Dataset content:
++++++
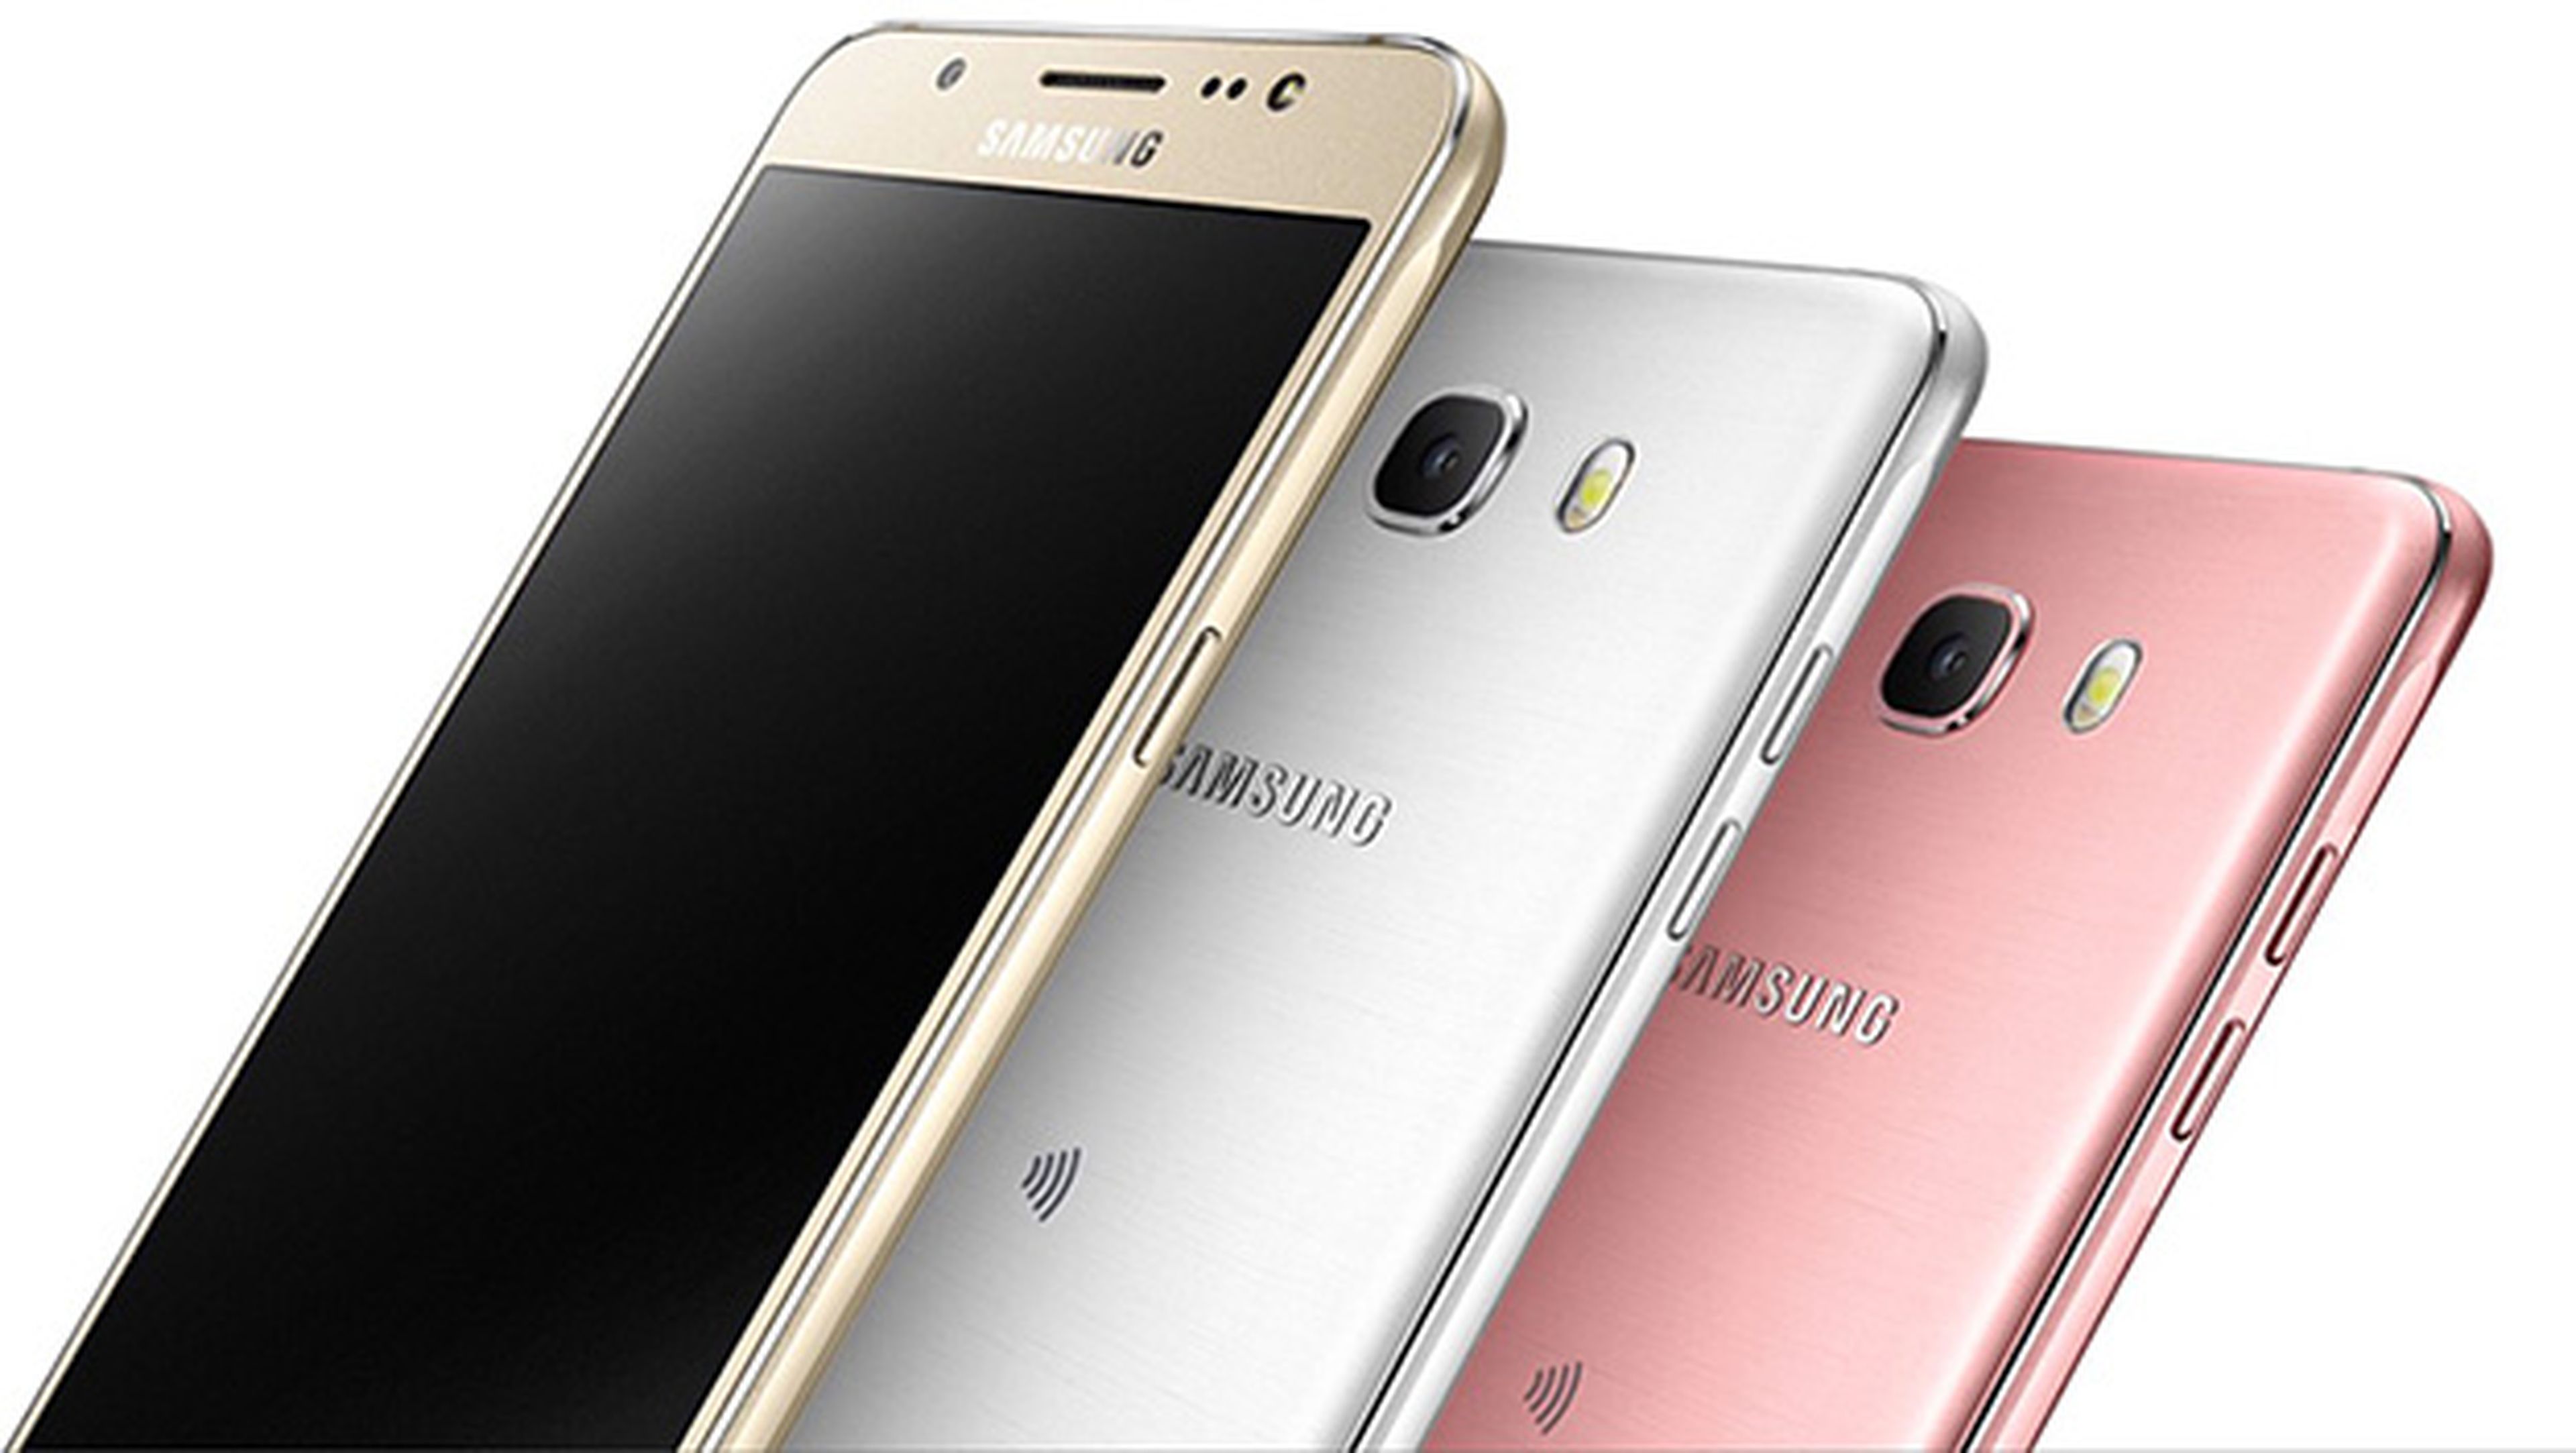 aluminio Nosotros mismos aleatorio Samsung renueva la gama baja con el Galaxy J5 Prime y J2 Pro | Computer Hoy
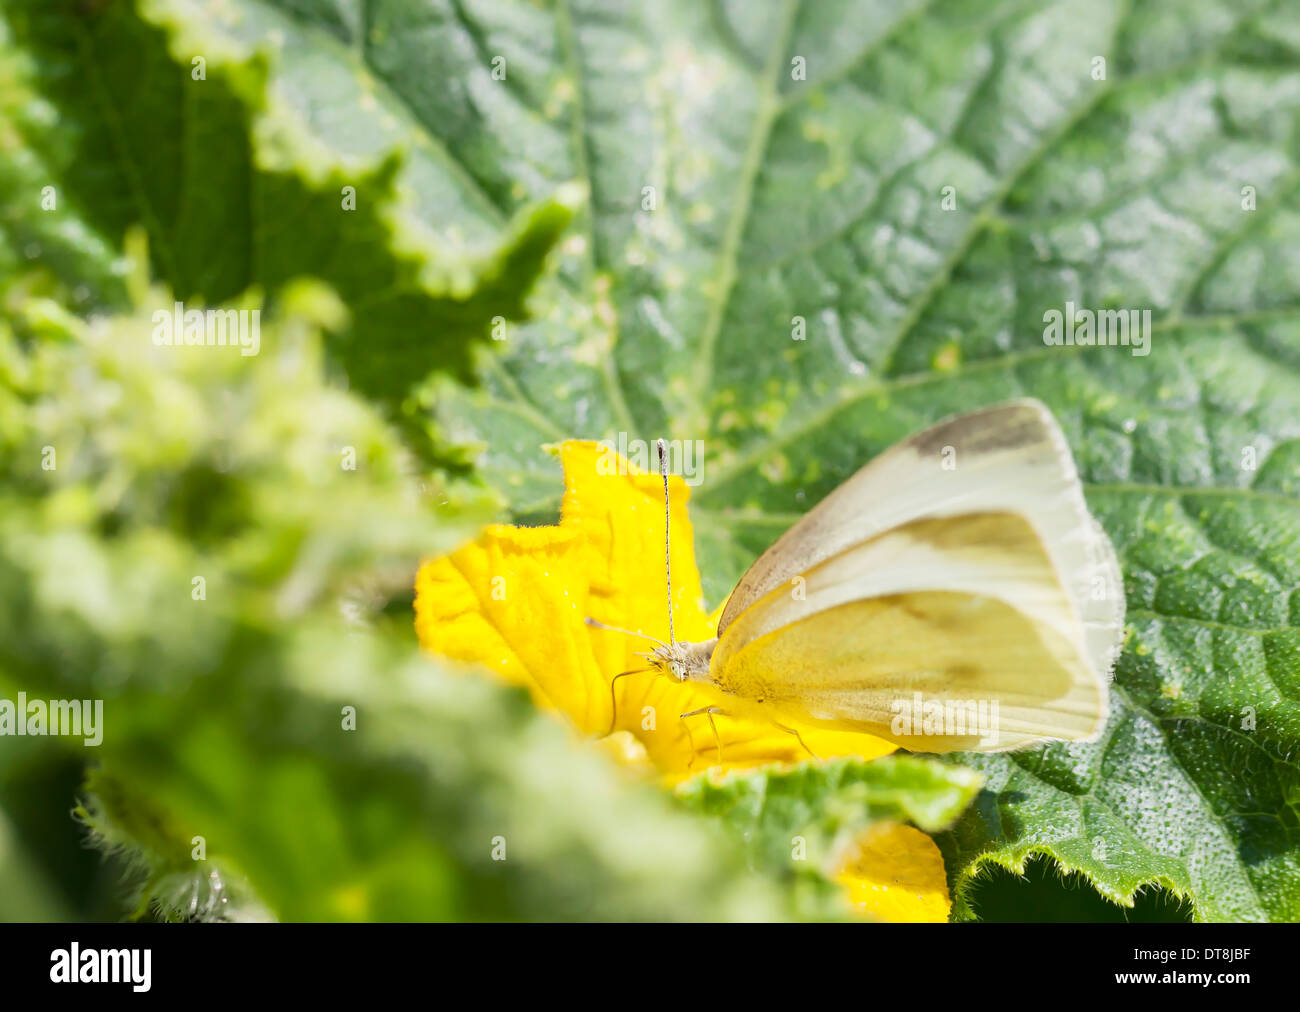 Schmetterling auf eine grüne Pflanze mit gelben Blüten weiß Stockfoto
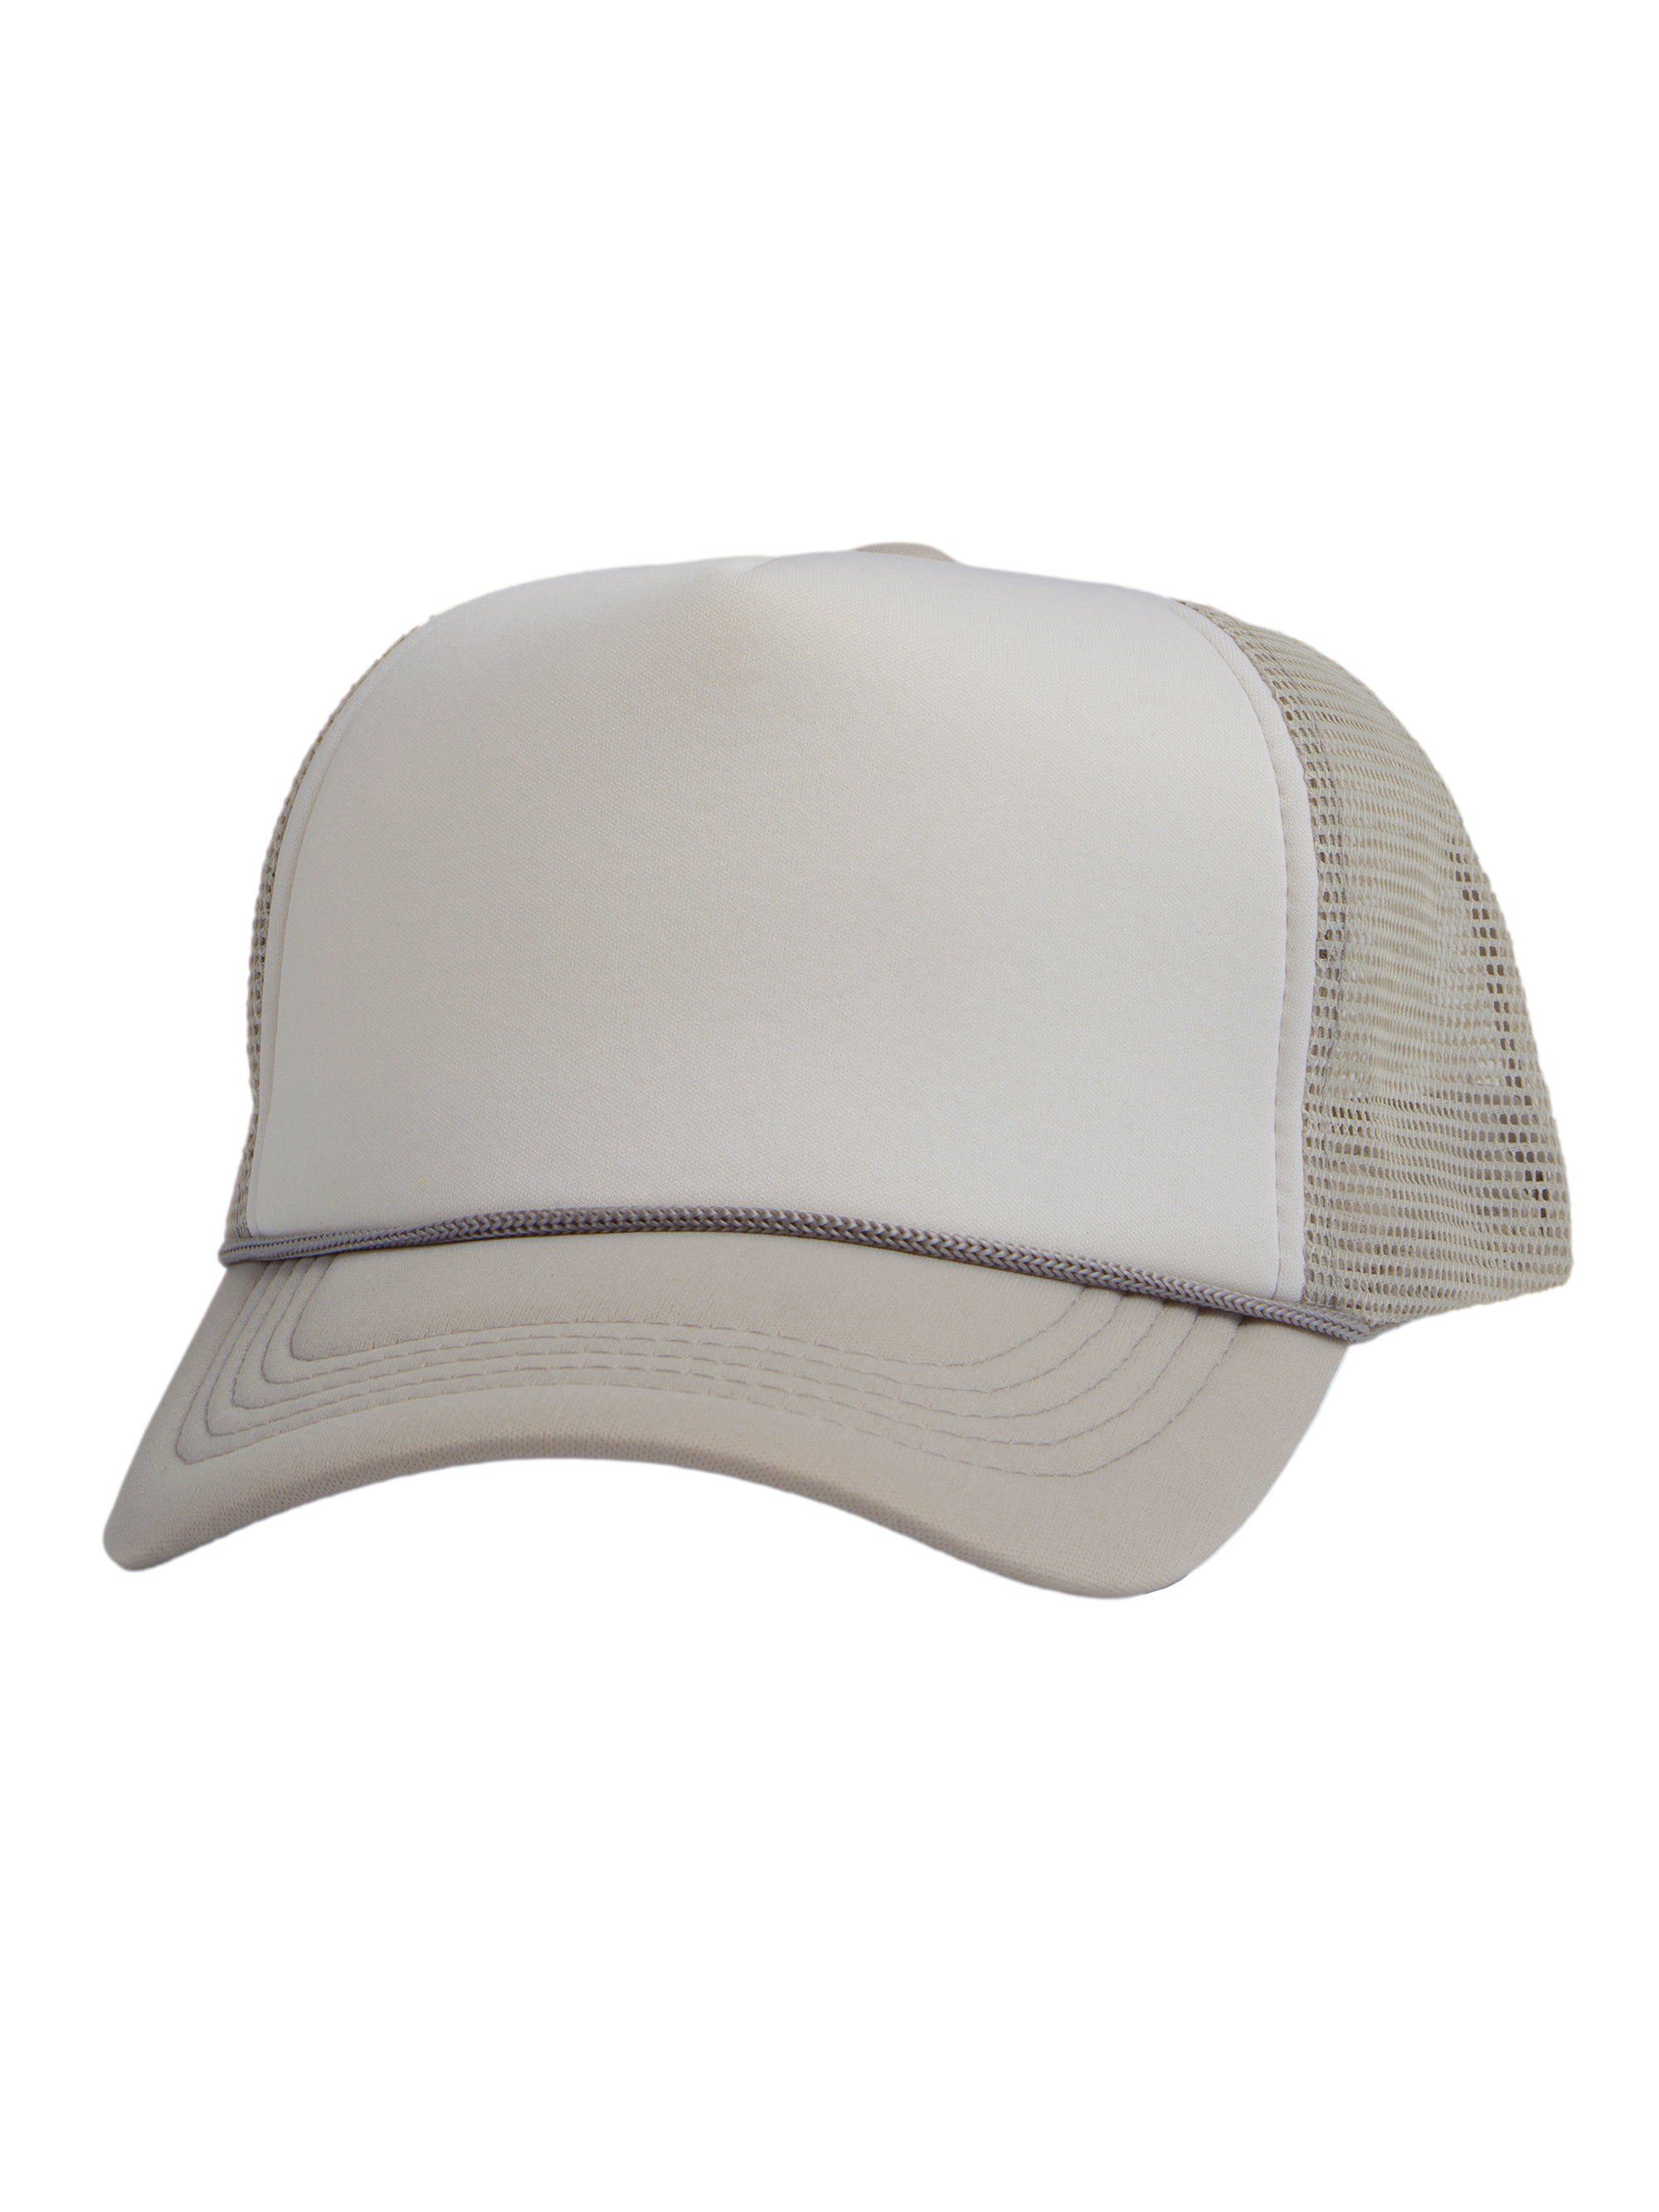 Top Headwear Blank Trucker Hat - Mens Trucker Hats Foam Mesh Snapback  White/Light Grey
++++++
Exercise aim: All of the data above needs to be retyped exactly, with the pictures removed.

Reply to the exercise:
 aluminio Nosotros mismos aleatorio Samsung renueva la gama baja con el Galaxy J5 Prime y J2 Pro | Computer Hoy
 Schmetterling auf eine grüne Pflanze mit gelben Blüten weiß Stockfoto
 Top Headwear Blank Trucker Hat - Mens Trucker Hats Foam Mesh Snapback  White/Light Grey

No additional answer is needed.